The “what” and how much of it is the real stuff of James Bond. At times “what” is in the eye of the beholder. The secretary of state’s daily list of telephone calls to make is always highly classified. It might matter very little to a Russian spy that the secretary is calling the leader of Cyprus on Wednesday, but an awful lot to the leader of nearby Greece. That is why intelligence services often horsetrade, buying and selling info they pick up along the way about other countries for info they need about theirs.

The “when” aspect is also important as many documents are correctly classified at one point in their history but lose value over time. One classic example is a convoy notification; it matters a lot who knows tomorrow at midnight the convoy will set forth.

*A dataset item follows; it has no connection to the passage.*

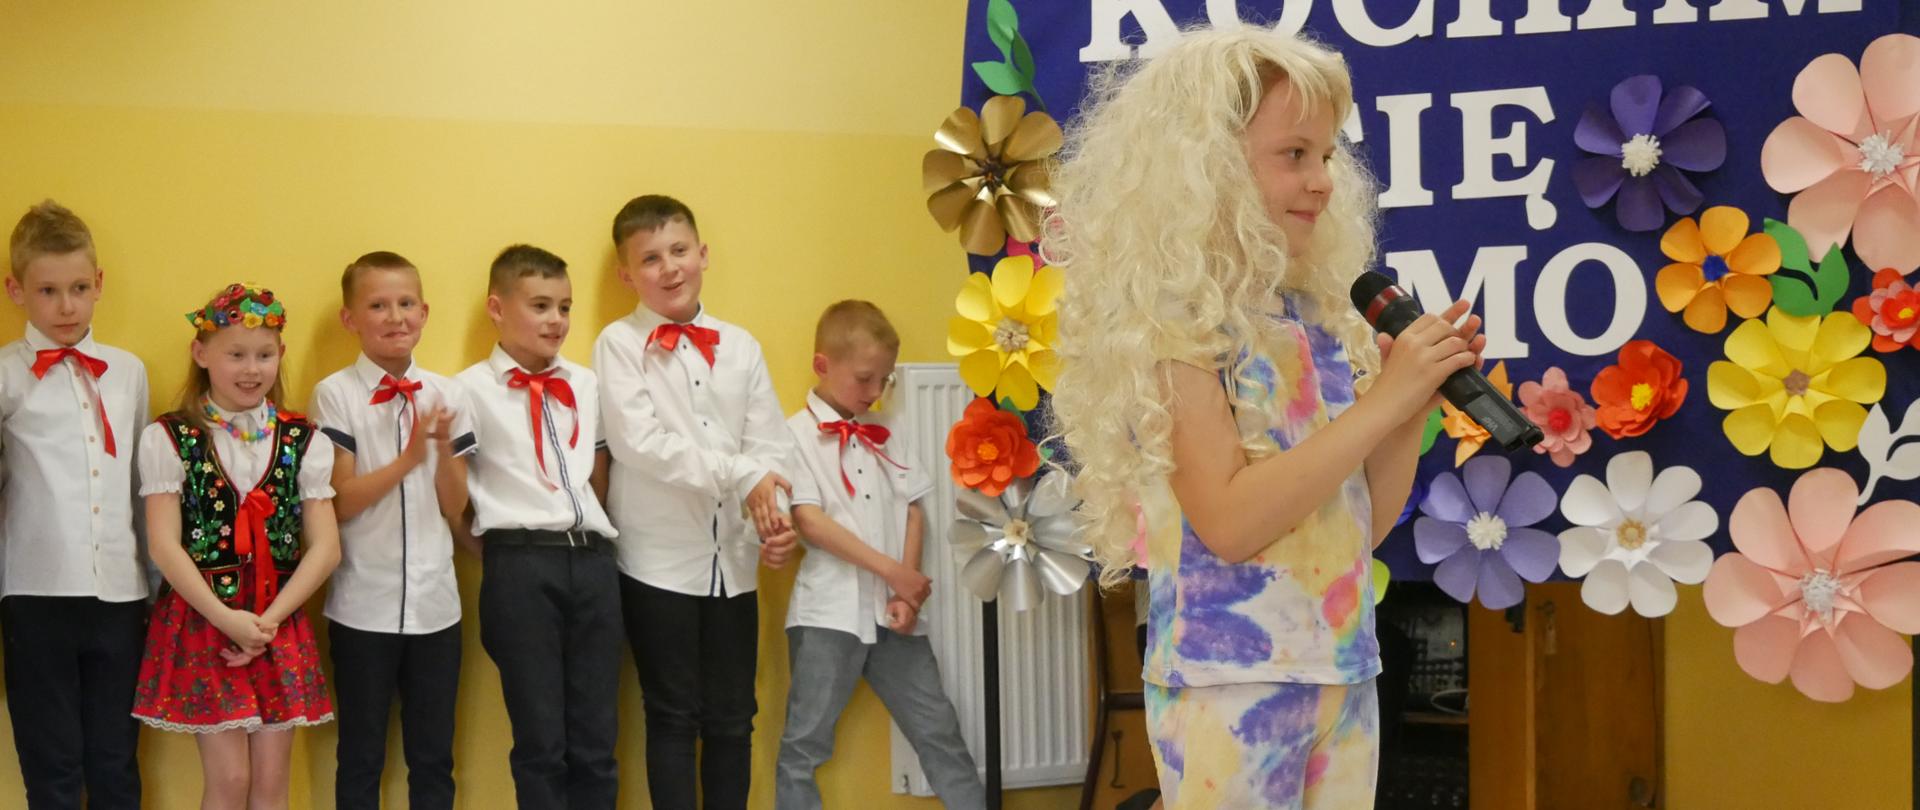 Dziewczynka śpiewa piosenkę Majki Jeżowskiej. W tle widać dekorację z kwiatów oraz stojące dzieci: dziewczynki w krakowskich strojach i elegancko ubranych chłopców.

It matters a whole lot less a month later after everybody in town saw the convoy arrive. “How long” can matter as well, as the longer a document is exposed, the more chances someone unauthorized has to see it.

“Who” between Trump and Biden seems a toss-up, given that as far as we know both kept classified information in locked closets (we’ll turn to Clinton and her server below.) An investigator would want to know who had keys to that lock, and if possible, who used them when. What controls if any were in place to prevent duplicates from being made? What kind of lock was used? Was it pickable? Would cleaning staff or painters have had time alone to work the lock? Were there any video or access logs that might show the staff spent an inordinate amount of time near the closets? We know nothing about this regarding Trump’s and Biden’s closets.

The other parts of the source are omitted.